Indeed, those that protect us at home need to be supported and trained adequately. But a president who says racially discriminatory and unconstitutional policing is acceptable, who implies certain groups are predisposed to criminal behavior, vows to expand mandatory minimum sentences for people who re-enter the country illegally, and appoints a drug warrior as attorney general will only reinforce the punitive culture of our criminal justice institutions.

Policy reforms already in-progress at state and local levels are without a doubt incredibly important, and may bring cultural change. States efforts to scale back use of solitary confinement, for example, sends a message that caging someone 24 hours a day is inhumane.
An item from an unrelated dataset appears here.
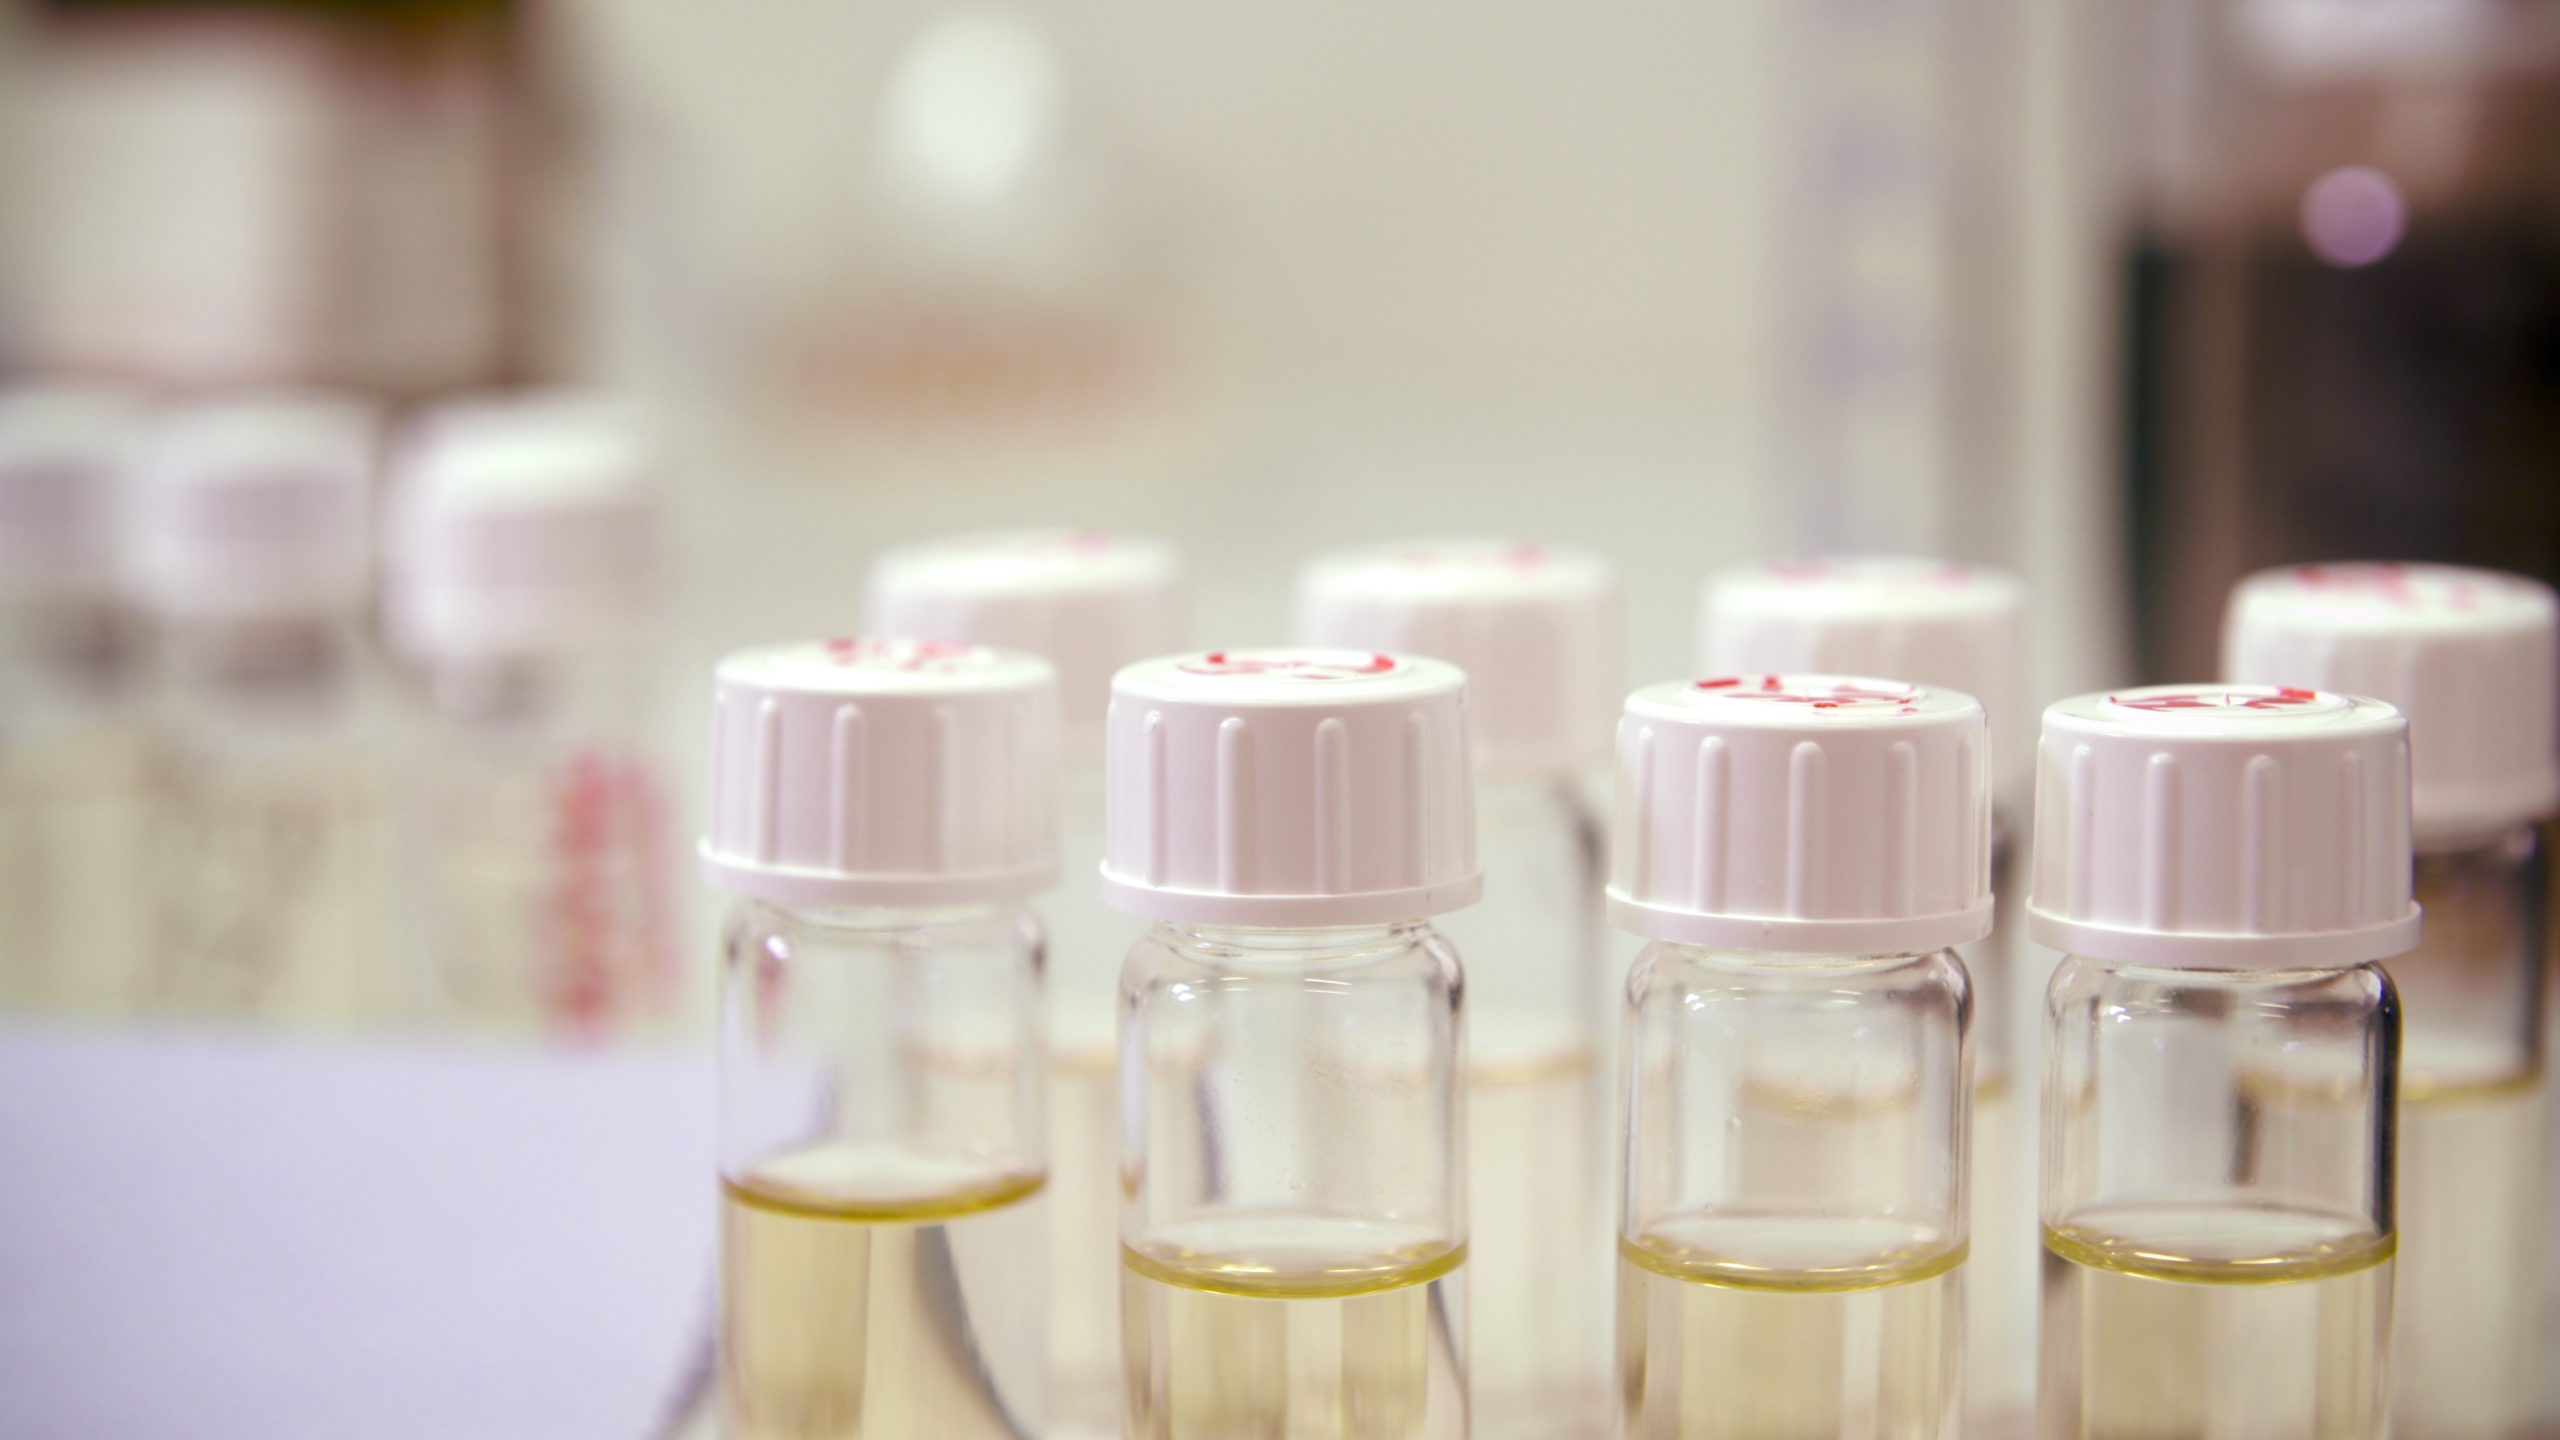 lab biodiesel samples in clear tubes
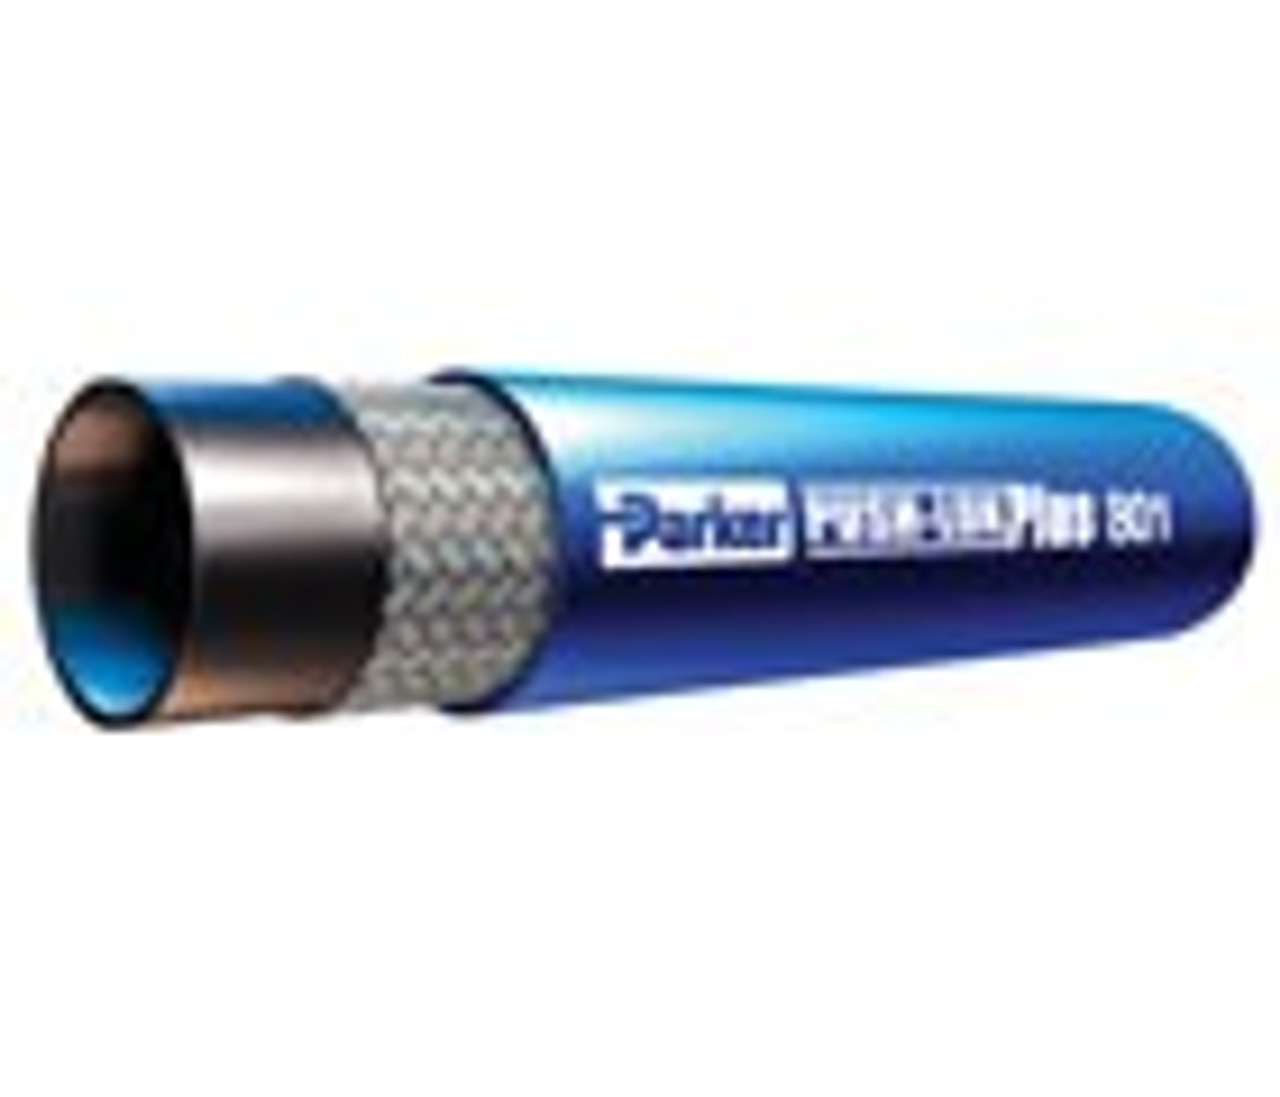 Parker 801-8-Blk-Rl 1/2" Id Push-Lok Hose Synthetic Rubber Cover 250Psi (17Bar) 1 Fiber Braid Temp Range Degrees F: (-40/+212) Black

But unless we shift the wider culture of our criminal justice institutions, solitary confinement may simply be replaced with another dehumanizing practice.

While criminal justice reform advocates may be inclined to quietly work toward change in their own jurisdictions and ignore the noise of the Trump administration, to counteract his messages, criminal justice reform advocates must create strong counter-narratives and messaging that stress ineffectiveness of current policies, the human right to dignity, and parsimony. Further, we must support investigative reporting and social science research that follows the process of criminal justice reform in order to document what works to change culture in the places where it matters the most.

Heather Schoenfeld, Ph.D., is an Assistant Professor of Legal Studies and Education and Social Policy at Northwestern University and a Public Voices Fellow.


The views expressed by authors are their own and not the views of The Hill.